Christmas is the time to celebrate. It's also the time that a lot of people find difficult (for a variety of reasons). So I thought this was a good opportunity to look at when life hands us lemons and how we can use them to make lemonade. To that effect, I'll use some of my negative experiences, and show you how I turned them into positives. Granted, not everything worked out the way I wanted, but I can at least appreciate the good places they can lead me to. By doing this, I hope you can look deeper into your situation and find the light that guides you to a better Christmas.
Let's take a look at my top fails this year and how they became my positives:
1) My agent stopped representing my age category, so I needed to go on another agent hunt. Yes,. this bites. Hard. However, it also taught me two things: 1) Resilience and persistence. Never get lazy. Know that things can change and that you must keep working hard all the time. 2) I have another chance at seeking out an agent who will gel with me. If I can get one agent, I feel better that I can find another. This is my positive.
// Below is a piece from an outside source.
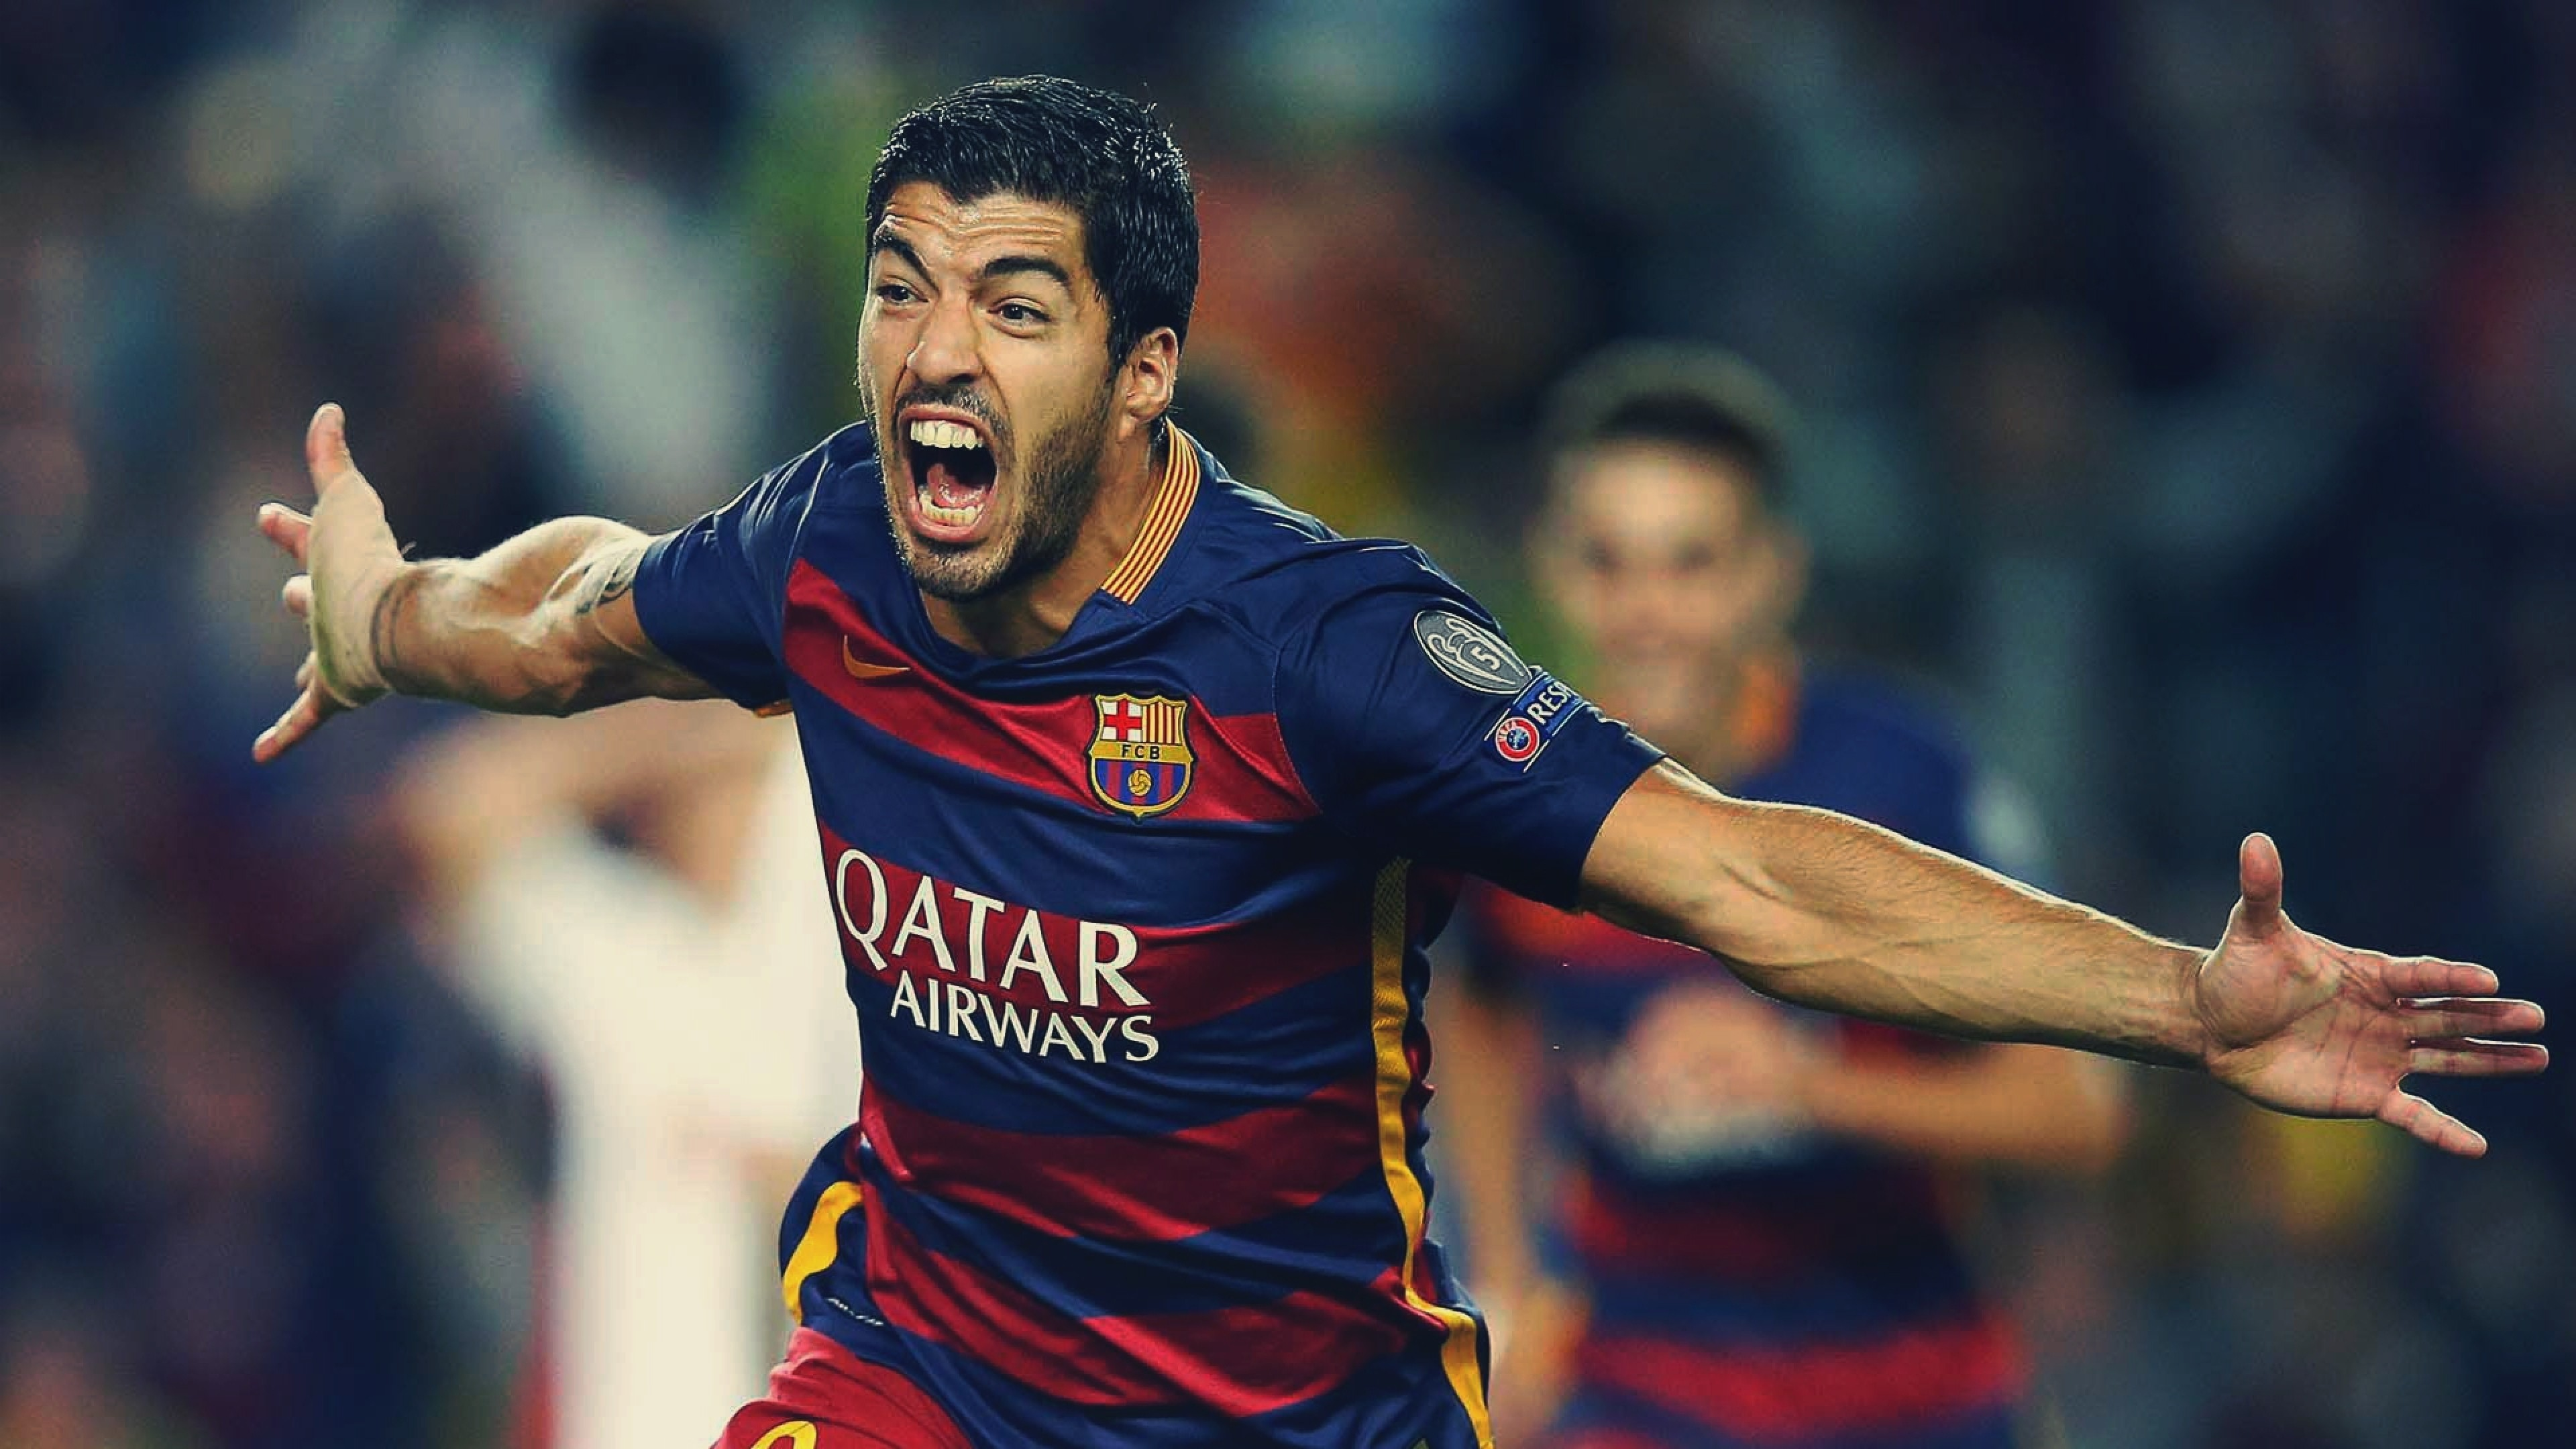 Wallpaper Luis Su 225 Rez Barcelona Fcb Soccer 4k Sport

2) My epilepsy blipped, and I started having stronger verbal ticks and noises. Now I've had to add a third medication. I have 15 days to try it and see if it's going to work for me. Yes, that sucks. But the positive? I have a neurologist that is on my side, helping me through this. My friends are supportive. My family is right behind me. And my partner is the biggest pillar of support. I am reminded by this blip in my health of the people who matter and the people who care. I realize how blessed I am.
3) I've been diagnosed with a neurogenic bladder (linked to my epilepsy). Now I know why I pee 20 times a night (yes, you probably didn't want that knowledge). However, now I can use my new meds to help fix that and get back to a regular sleeping pattern! Hurrah!
4) I have to go for back surgery, as my spine has gone a bit squiffy. Am I frightened? Like a big baby, I am. Am I positive? Yes. It could solve my walking issues and allow me to live my life freely again.
5) My joy of flying was crushed by a terrible flight. I loved flying. Loved it. Now I am terrified of it. The positive? I've learned that things can change and that it's okay to be vulnerable (a huge issue for me, and it extends to this post. Vulnerable feels weak to me, and this flying thing is beginning to teach me it's not. I'm a work in progress about this bit). However, it's also taught me empathy for those who have the same fears. It's helped me understand just how brave I can be when I do step on a plane. It helps teach me what my spirit can do.
So there you have it. Those are 5 things that might not mean anything to anyone other than me, but they are five things that I am looking back at during the Christmas holidays, thinking "I did this", "I got through that", "I learned", and that, for me, is what celebrating Christmas is about - appreciating what you have been given, good and bad.
Merry Christmas to you all, and may you all find the light in your lives!